What I need is a way to see into this statement as it executes to confirm
my suspicion - does anyone have any tips on that?
Cheers
Jim
--
Jim Vanns
Principal Production Engineer
Industrial Light & Magic, London
On 1/16/24 09:45, Jim Vanns wrote:
Hi,
I have a slow (CPU bound) DELETE statement I'm attempting to debug and I
suspect that its actually the ON DELETE CASCADE on the foreign key thats
causing it. I suspect this because the dry-run mode of the same query (a
SELECT instead of DELETE) doesn't suffer the same fate. The statement is
effectively;# Dry mode
SELECT prune_function(timestamp);
# Destructive mode
DELETE FROM foobar p USING prune_function(timestamp) AS e WHERE p.id
<http://p.id> = e.prune_idThe logs seem to hold no information on the progress of the statement
but the CPU is pegged at 100% for hours. The SELECT equivalent runs in
under a minute.What I need is a way to see into this statement as it executes to
confirm my suspicion - does anyone have any tips on that?
Explain:
https://www.postgresql.org/docs/current/sql-explain.html
It would also be helpful to reply with the table definitions for the
tables. If that is not possible then at least whether there is an index
on the FK reference in the child table(s)?
Cheers
Jim
--
Jim Vanns
Principal Production Engineer
Industrial Light & Magic, London
--
Adrian Klaver
adrian.klaver@aklaver.com
Adrian Klaver <adrian.klaver@aklaver.com> writes:
On 1/16/24 09:45, Jim Vanns wrote:
I have a slow (CPU bound) DELETE statement I'm attempting to debug and I
suspect that its actually the ON DELETE CASCADE on the foreign key thats
causing it.
99% of the time, the cause is lack of an index on the foreign key's
referencing columns. We make you have a unique index on the
referenced columns, because otherwise the FK constraint's semantics
are unclear. But you're not required to make one on the other side.

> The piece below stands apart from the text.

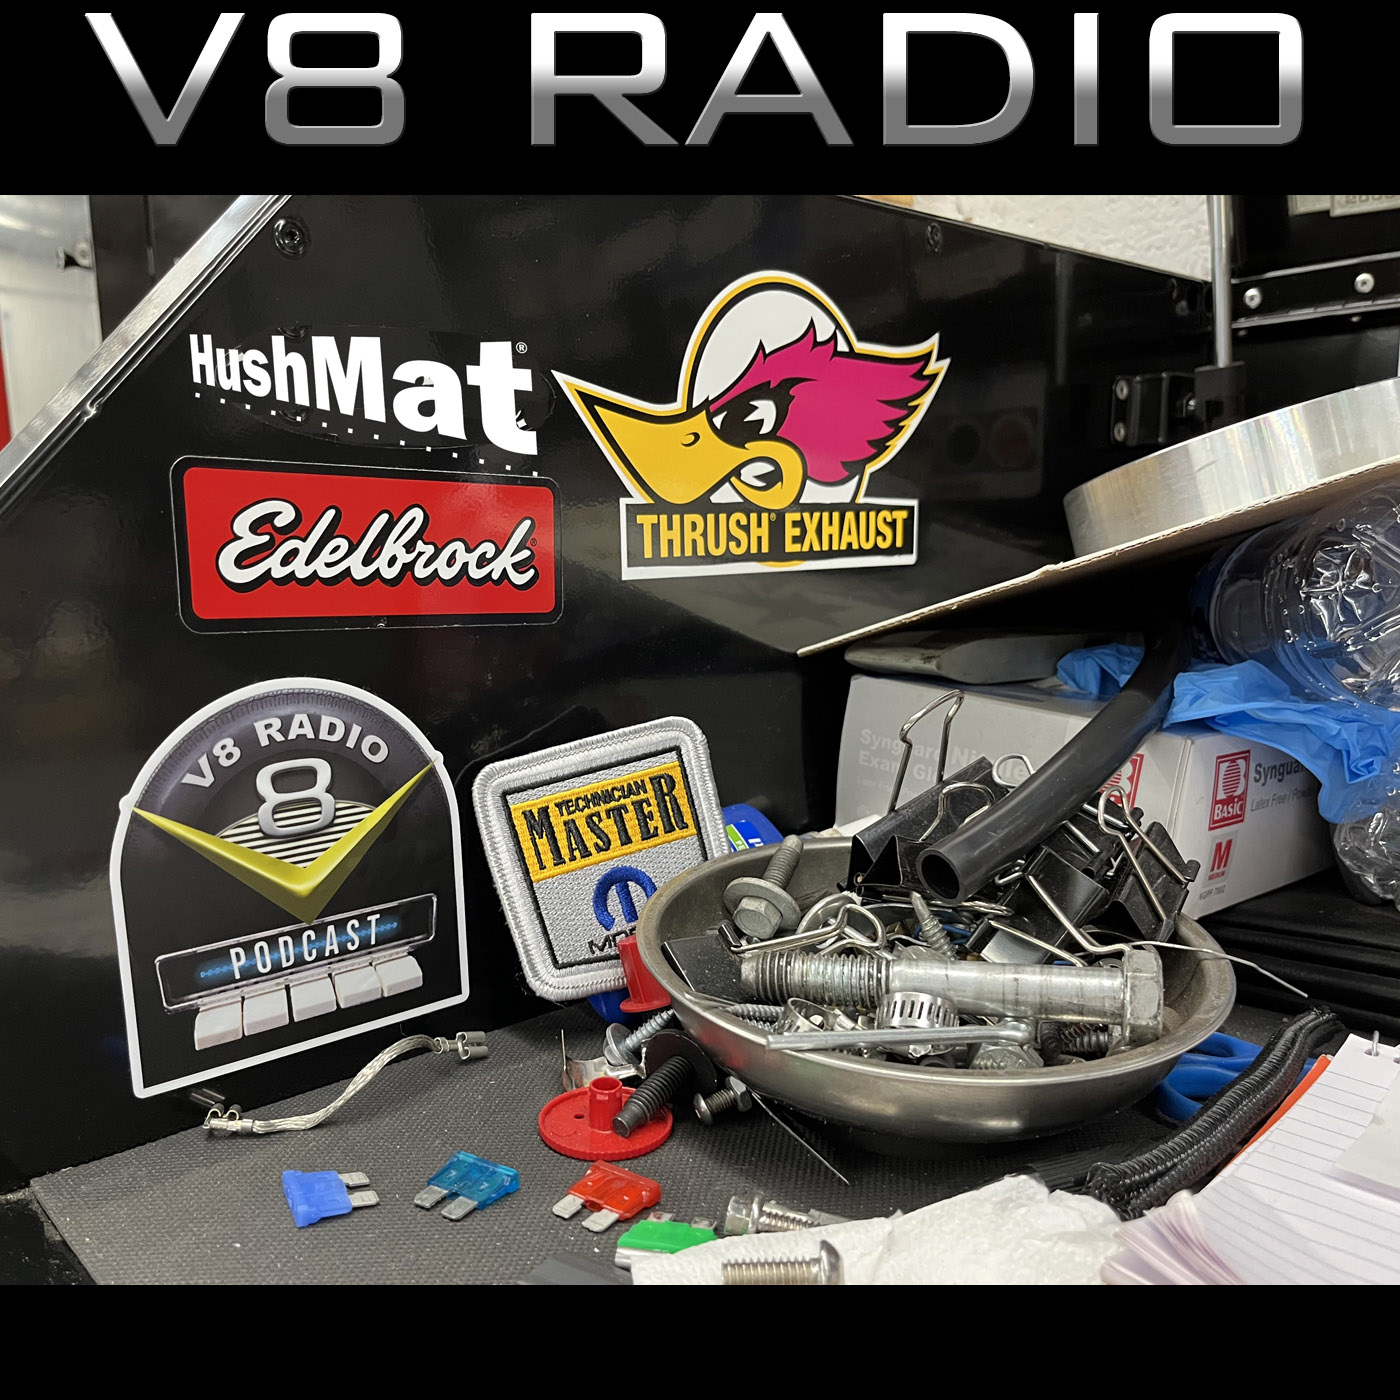 Meeting New Friends, Summer Road Trips, Sharing Enthusiasm, Rick Beato, Nuno Bettencourt, Automotive Trivia and More on the V8 Radio Podcast!

What I need is a way to see into this statement as it executes to
confirm my suspicion - does anyone have any tips on that?
Explain:
https://www.postgresql.org/docs/current/sql-explain.html
Specifically, if EXPLAIN ANALYZE shows a lot of time spent in the
enforcement trigger for the FK, this is likely what's happening.
regards, tom lane
Hi Tom/Adrian.
I should have already stated I did begin with EXPLAIN but given they
don't easily work with (the internals) stored/procedures, it wasn't
useful in this case. Also, I keep having to terminate the statement
because it never runs to completion and produces the plan (at least in
ANALYZE VERBOSE mode anyway).
I have, however, pulled the function body code out and produced an
isolated case that can be EXPLAINED. The table in question is a
curious one since it models a hierarchy as an adjacency list and so
the fkey reference is back to itself (to a primary key - so is an
additional index required?):
CREATE TABLE tree (
ts TIMESTAMPTZ NOT NULL
tree_id BIGINT NOT NULL,
parent_id BIGINT NULL,
--
CONSTRAINT cstr_tree_pky PRIMARY KEY (tree_id) INCLUDE (parent_id),
FOREIGN KEY (parent_id) REFERENCES tree(tree_id)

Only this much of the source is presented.